ABOUT THIS TASK:
Every line from the start of the data through the line containing "Lego Classic Space" should be retyped exactly; the pictures should not.

DATA EXCERPT:
____

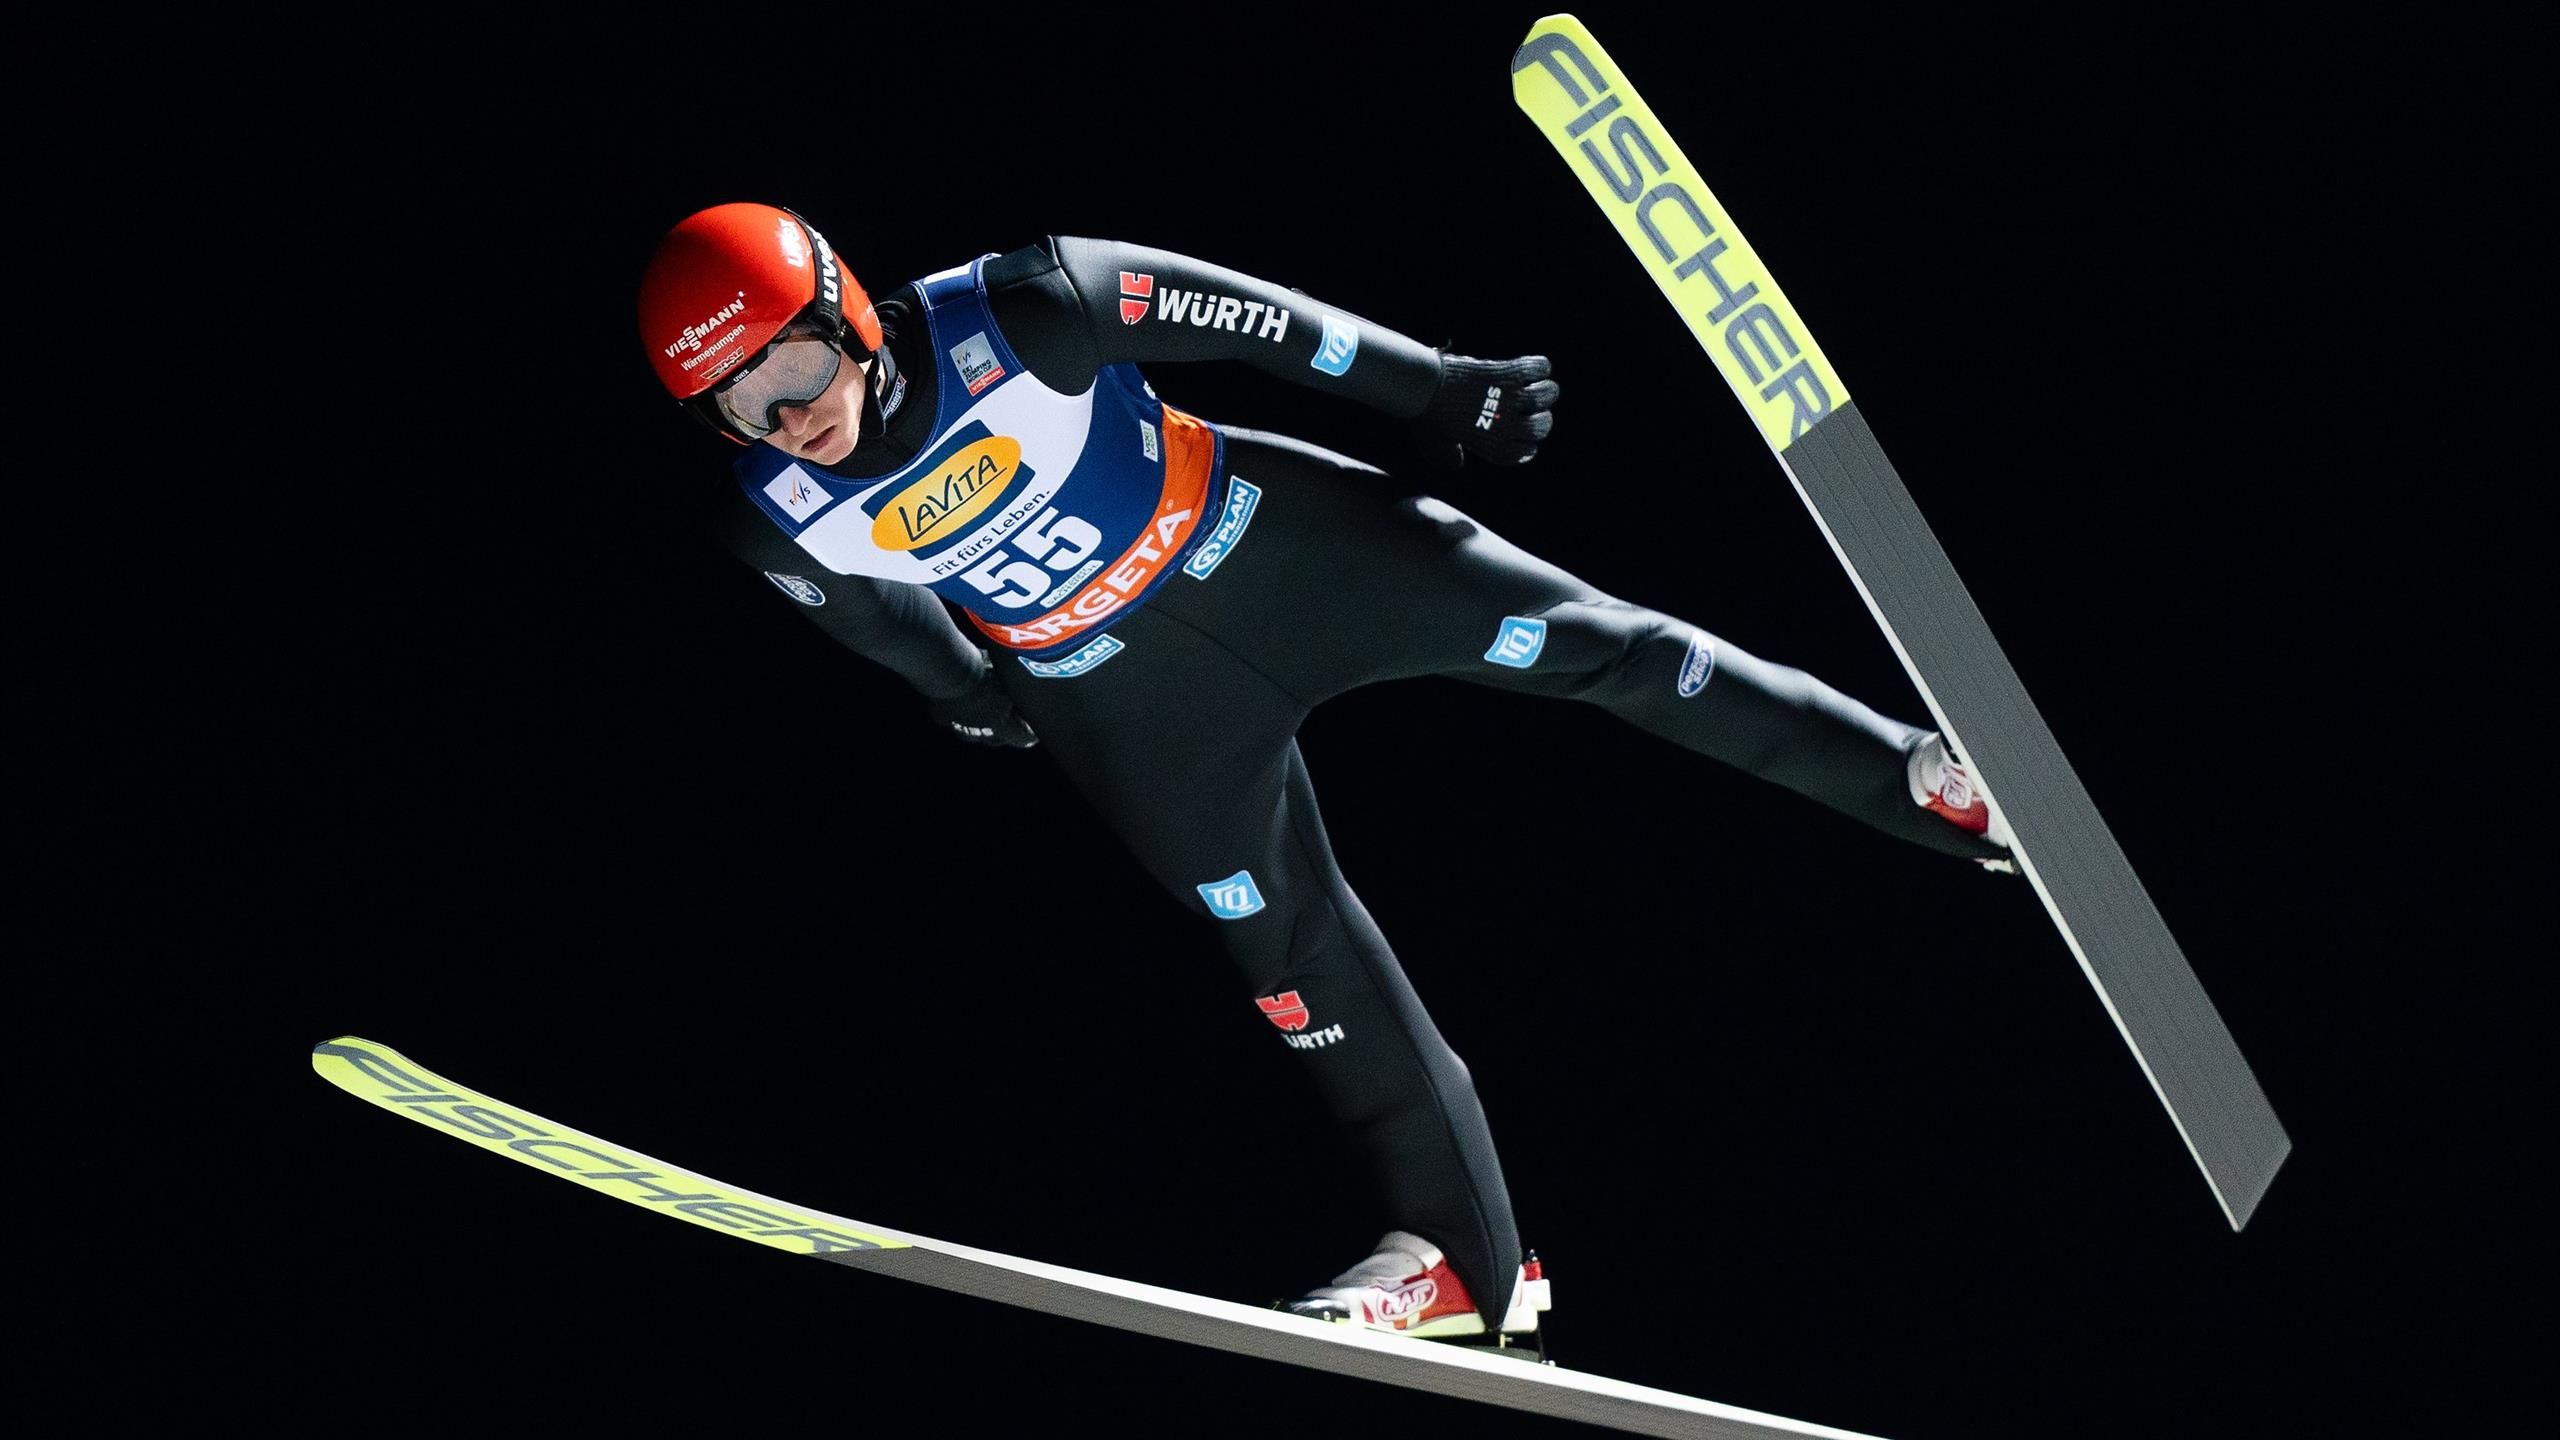 Live broadcast of the Ski Jumping World Cup in Engelberg on TV and live broadcast: Everyone jumps with Wellinger, Geiger and Kraft
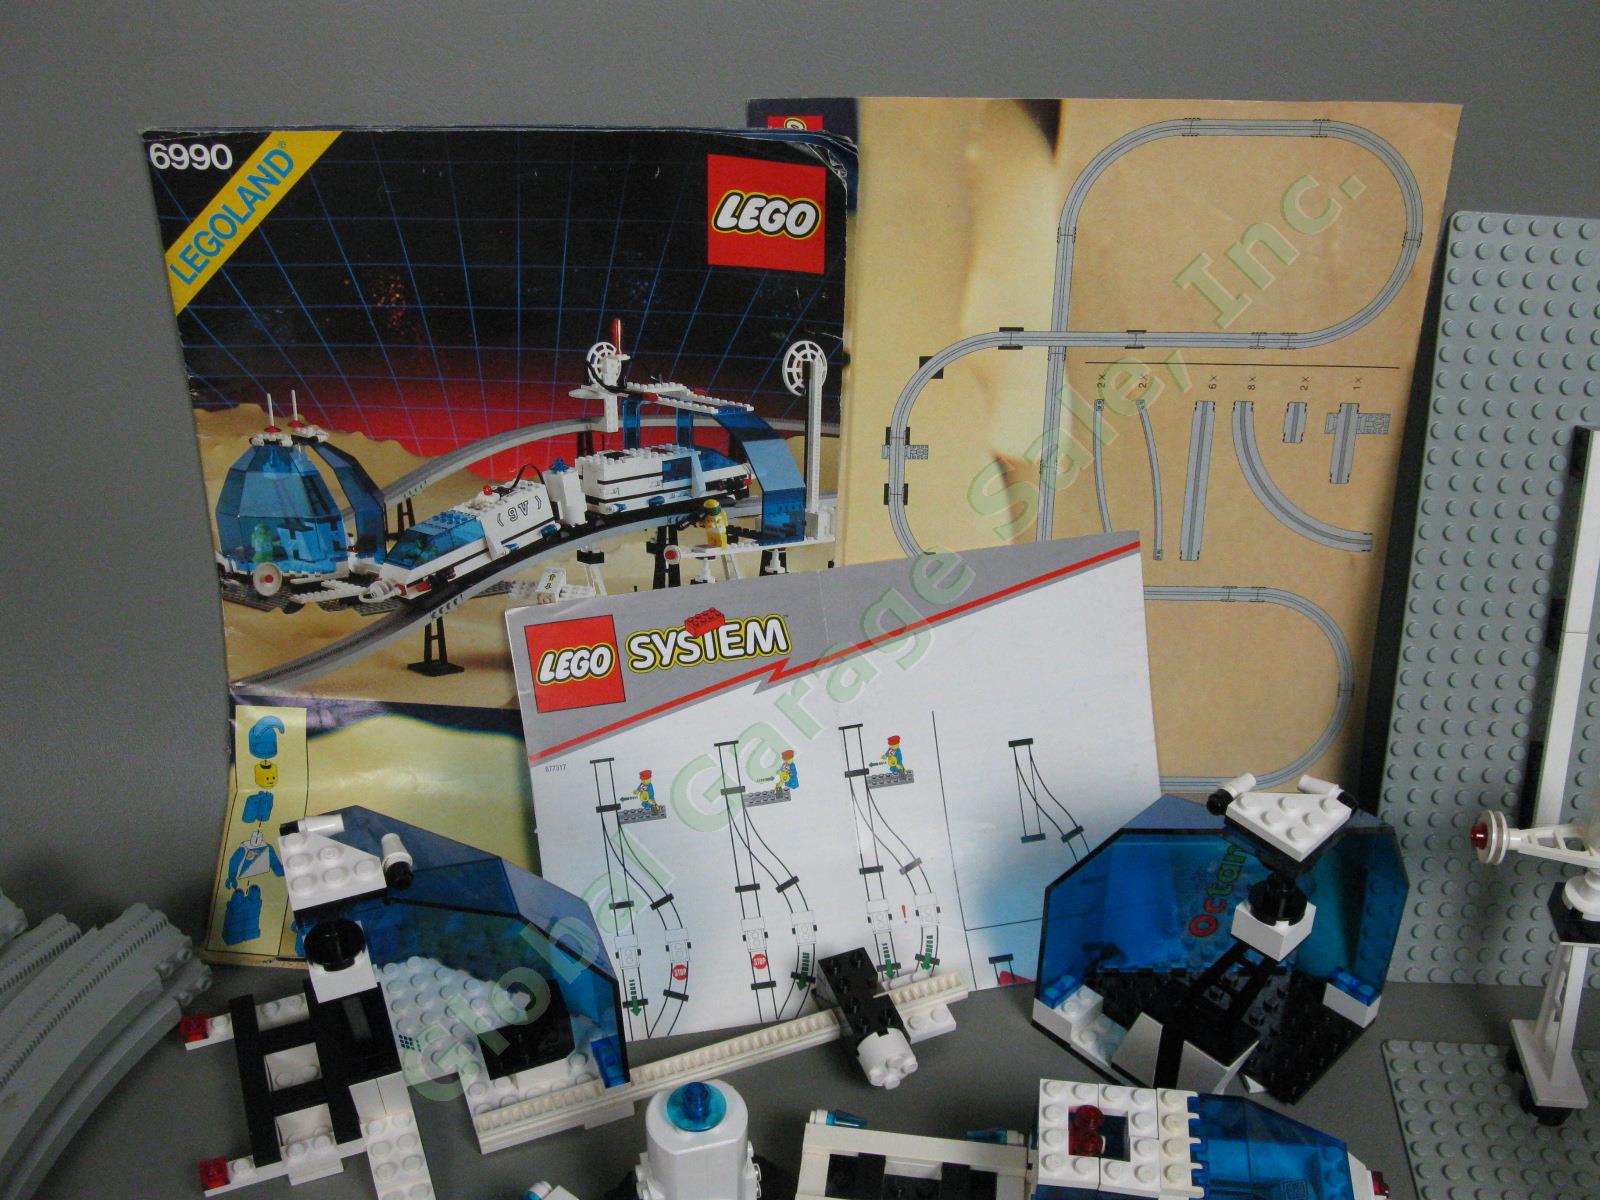 Lego Classic Space #6990 Monorail Transport Station + Instructions Manual 1990 1
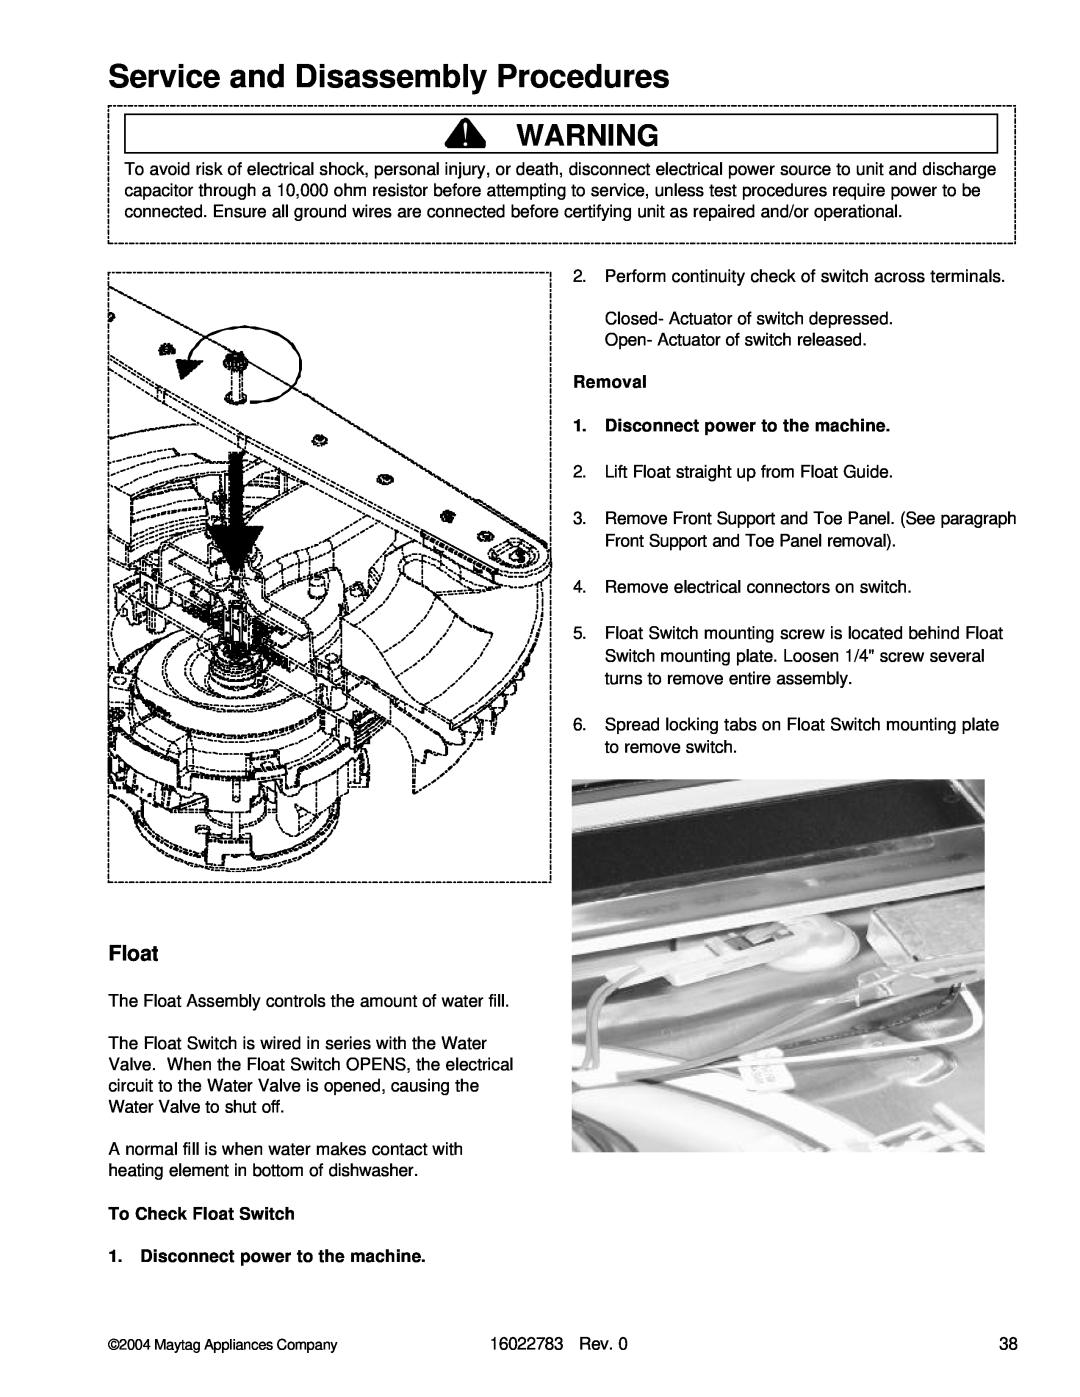 Maytag JDB2150AWP manual To Check Float Switch 1. Disconnect power to the machine, Service and Disassembly Procedures

____

TASK OUTPUT:
 Live broadcast of the Ski Jumping World Cup in Engelberg on TV and live broadcast: Everyone jumps with Wellinger, Geiger and Kraft
 Lego Classic Space #6990 Monorail Transport Station + Instructions Manual 1990 1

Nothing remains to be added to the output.